Table 7 Comparison between starch purification process and proposed potato powder production process

4 Conclusions and prospects

In this study, we performed TEA of a potato powder plant applying a potato starch purification system. We estimated that approximately 15,800,000 tonnes of potato powder could be produced by the plant per year. We estimated the total capital investment and AOC at 16.6 billion JPY and 16.7 billion JPY/year, respectively. Considering the NPV (8.87 billion JPY), the IRR (12.48%), the gross margin (11.99%), the ROI (11.59%) and the payback time (8.63 years) of the plant, the plant performed well, with good profitability in this scenario. The results showed that the initial investment could be recovered early in the plant’s lifetime. The AOC and the sensitivity analysis indicated that the price of purchasing raw potatoes and the sale price of potato powder have a large impact on the plant’s profitability.

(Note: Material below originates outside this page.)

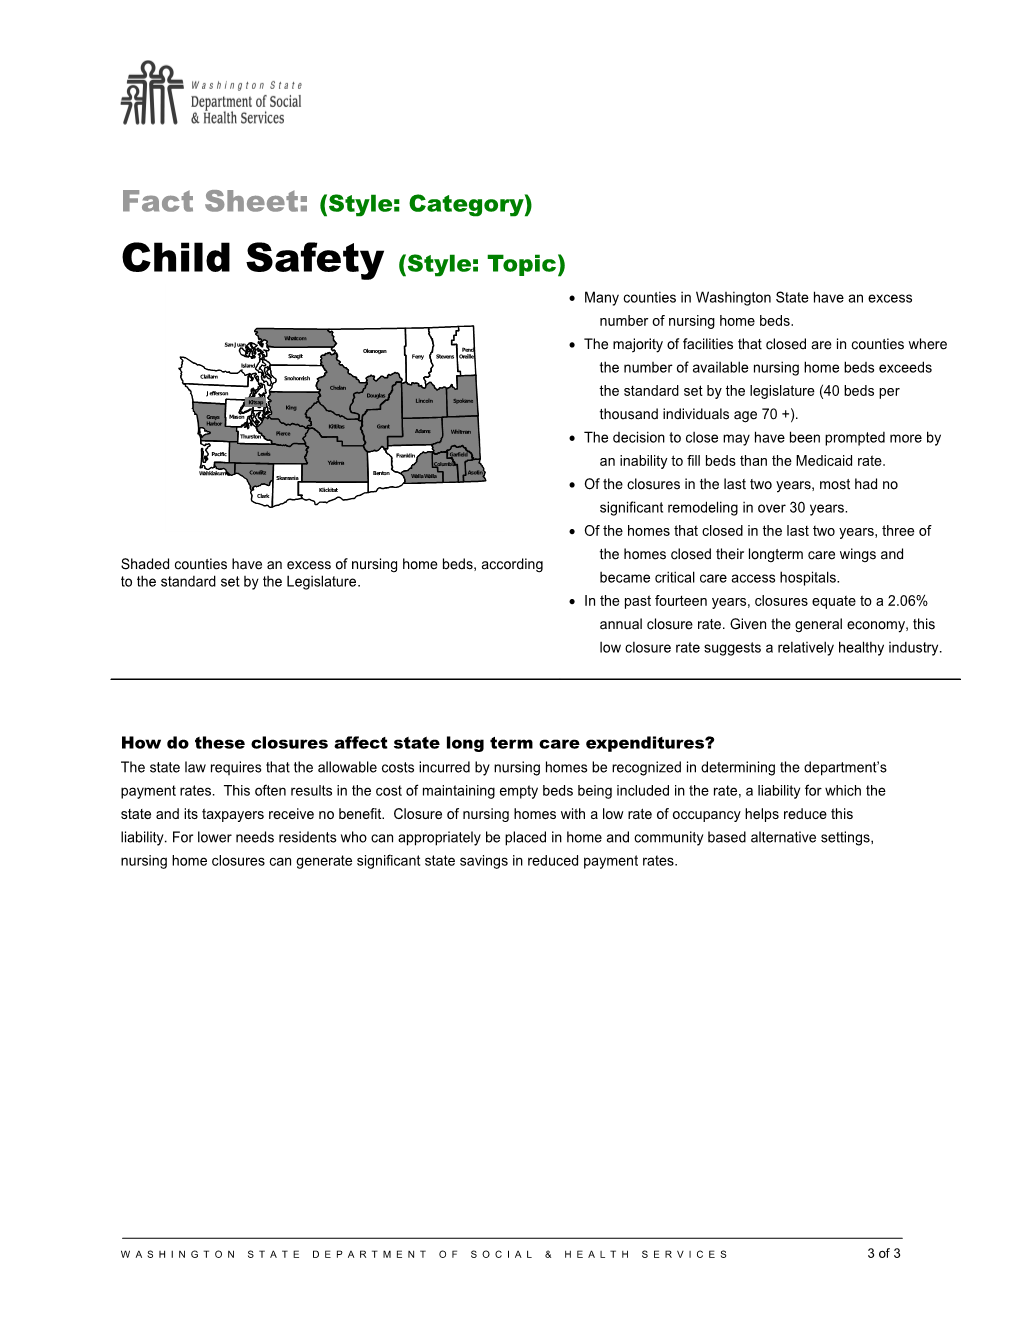 Child Safety (Style: Topic)

This study showed that nonstandard potatoes can be sold at a price that differs little from the price of standard ones by using the powdering method. Powdering could represent a beneficial method of using nonstandard potatoes compared with the traditional methods for using such potatoes as an ingredient in starch or processed foods. However, it is necessary to ensure a stable demand to generate a stable profit in the actual operations of the plant, noting that our scenario assumed that there would be no excess inventory. Expansion of the uses of rehydrated powder is required to obtain sufficient demand and ensure the future prospects of powdered potatoes.